5-Ethynylcytidine as a new agent for detecting RNA synthesis in live cells by "click" chemistry
Anal Biochem 2013 Mar 1;434(1):128-35.PMID:23219562DOI:10.1016/j.ab.2012.11.023.
Detection of RNA synthesis in cells to measure the rate of total transcription is an important experimental technique. To screen the best nucleoside analogue for labeling RNA synthesis, a series of alkyne-modified nucleoside analogues, including 5-ethynylcytidine (EC) and 8-ethynyladenosine (EA), were successfully synthesized by the Sonogashira coupling reaction. The synthesis of RNA or DNA was assayed based on the biosynthetic incorporation of these analogues into newly transcribed RNA or replicating DNA. Analogue-labeled cellular RNA or DNA was detected quickly and with high sensitivity via "click" chemistry with fluorescent azides, followed by fluorescence microscopic imaging. The results showed that EC was efficiently incorporated into RNA, but not into DNA, in seven cell lines, as also previously shown for 5-Ethynyluridine (EU). Moreover, EC was able to assay transcription rates of various tissues in animals and the rate of metabolism of EC was much faster than that of EU.

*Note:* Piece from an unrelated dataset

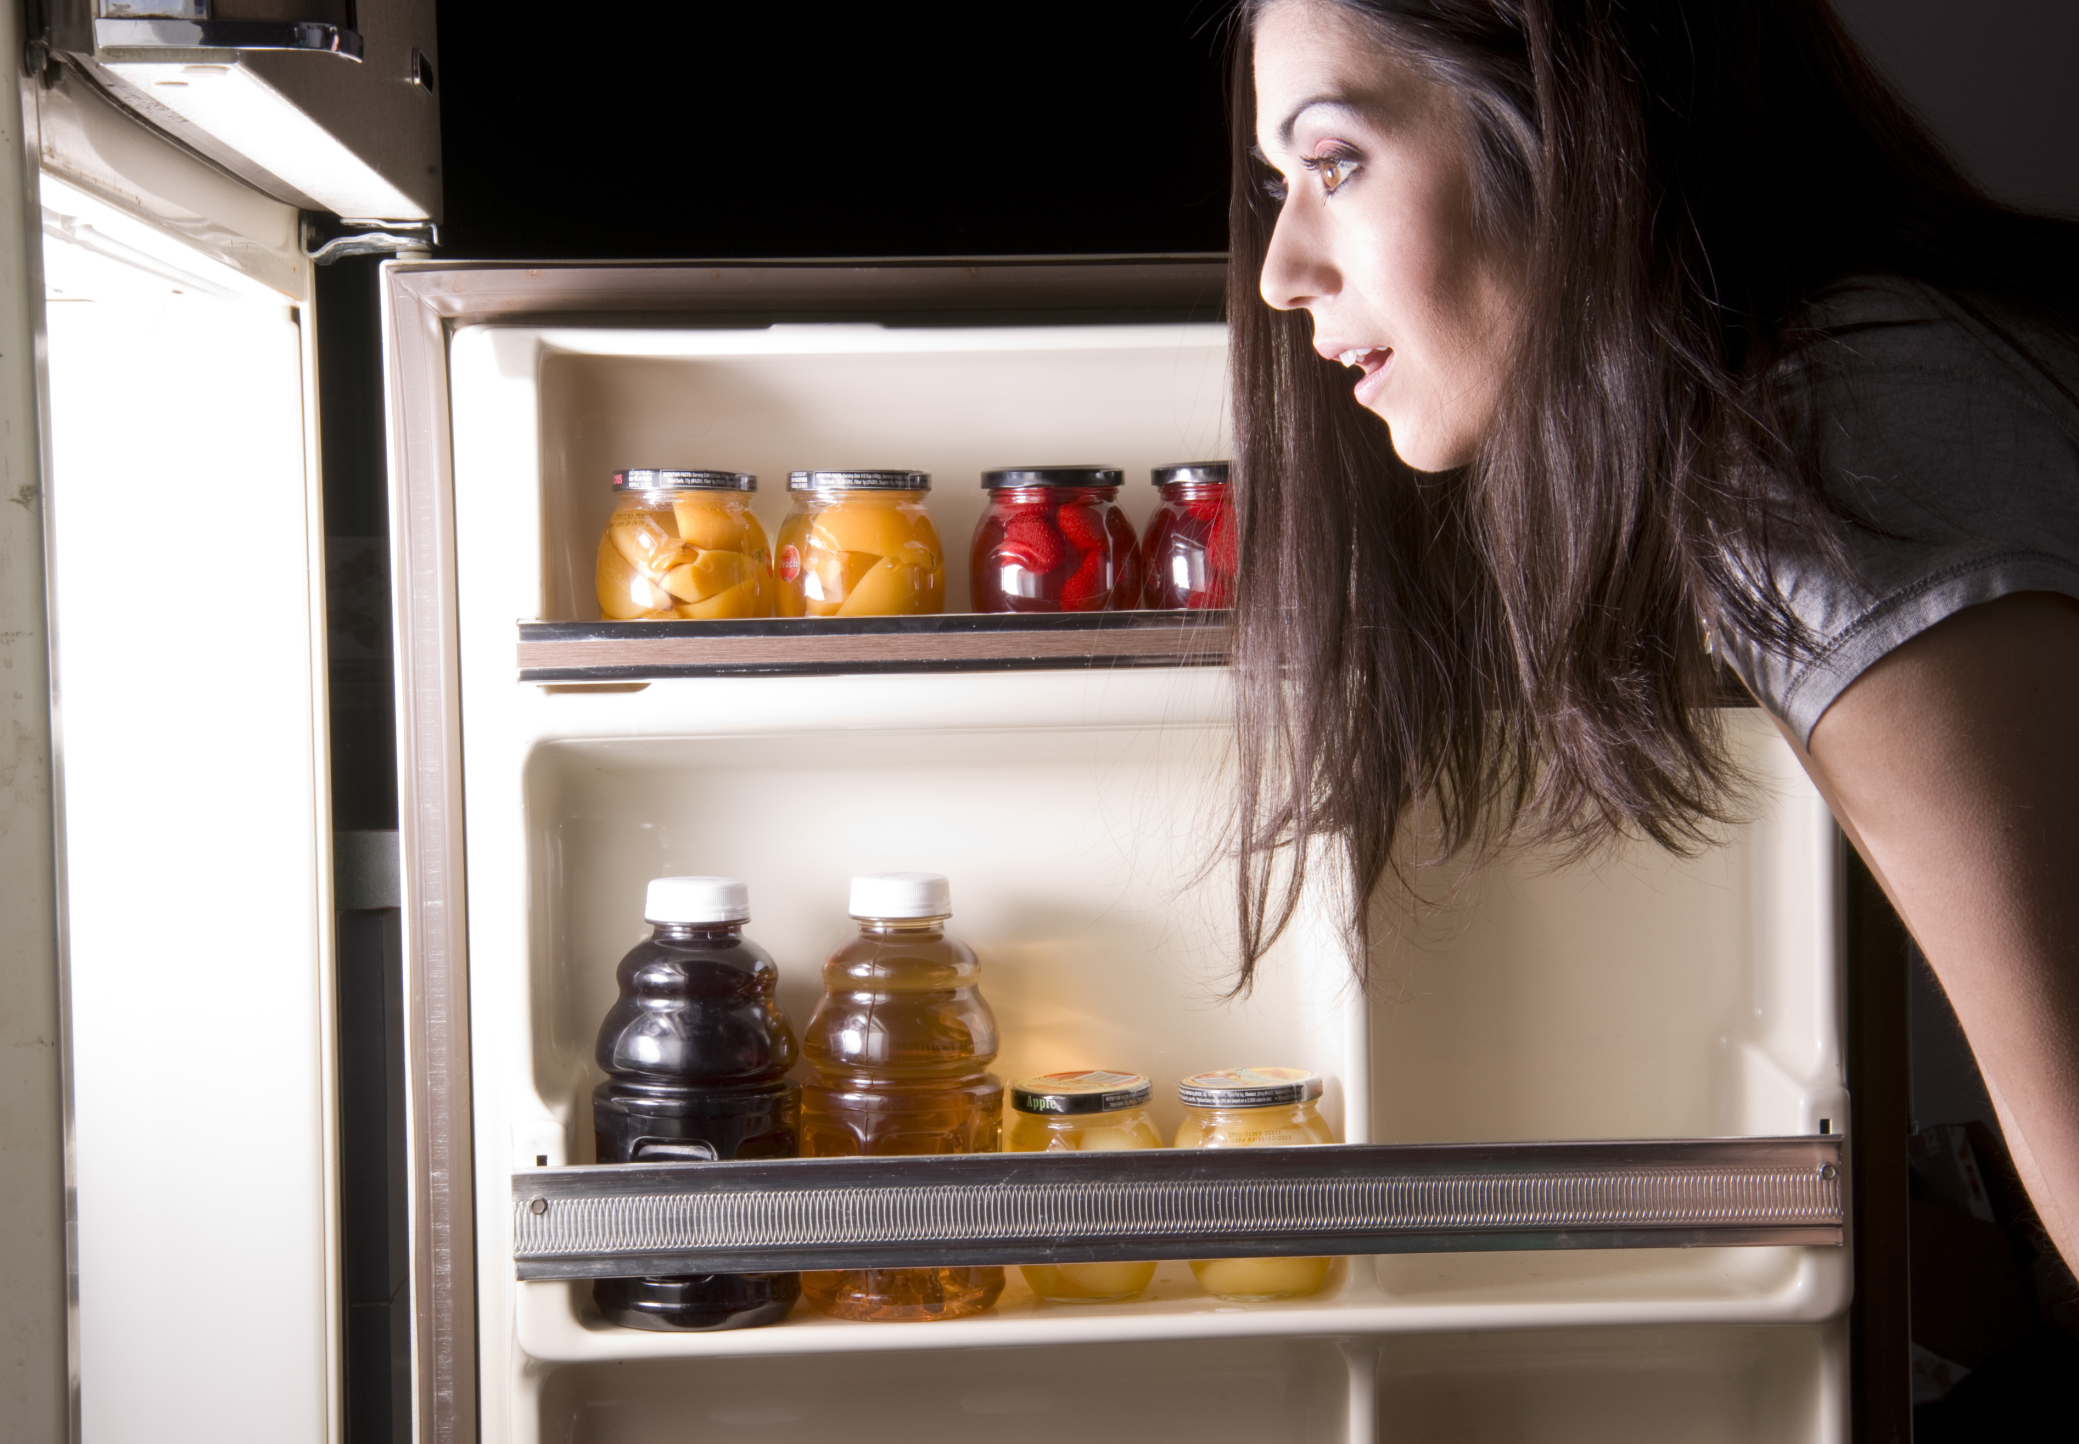 ÎÏÎ¿ÏÎ­Î»ÎµÏÎ¼Î± ÎµÎ¹ÎºÏÎ½Î±Ï Î³Î¹Î± woman fridge

Capture of the newly transcribed RNA interactome using click chemistry
Nat Protoc 2021 Nov;16(11):5193-5219.PMID:34697467DOI:10.1038/s41596-021-00609-y.
Application of synthetic nucleoside analogues to capture newly transcribed RNAs has unveiled key features of RNA metabolism. Whether this approach could be adapted to isolate the RNA-bound proteome (RNA interactome) was, however, unexplored. We have developed a new method (capture of the newly transcribed RNA interactome using click chemistry, or RICK) for the systematic identification of RNA-binding proteins based on the incorporation of 5-Ethynyluridine into newly transcribed RNAs followed by UV cross-linking and click chemistry-mediated biotinylation. The RNA-protein adducts are then isolated by affinity capture using streptavidin-coated beads. Through high-throughput RNA sequencing and mass spectrometry, the RNAs and proteins can be elucidated globally. A typical RICK experimental procedure takes only 1 d, excluding the steps of cell preparation, 5-Ethynyluridine labeling, validation (silver staining, western blotting, quantitative reverse-transcription PCR (qRT-PCR) or RNA sequencing (RNA-seq)) and proteomics. Major advantages of RICK are the capture of RNA-binding proteins interacting with any type of RNA and, particularly, the ability to discern between newly transcribed and steady-state RNAs through controlled labeling. Thanks to its versatility, RICK will facilitate the characterization of the total and newly transcribed RNA interactome in different cell types and conditions.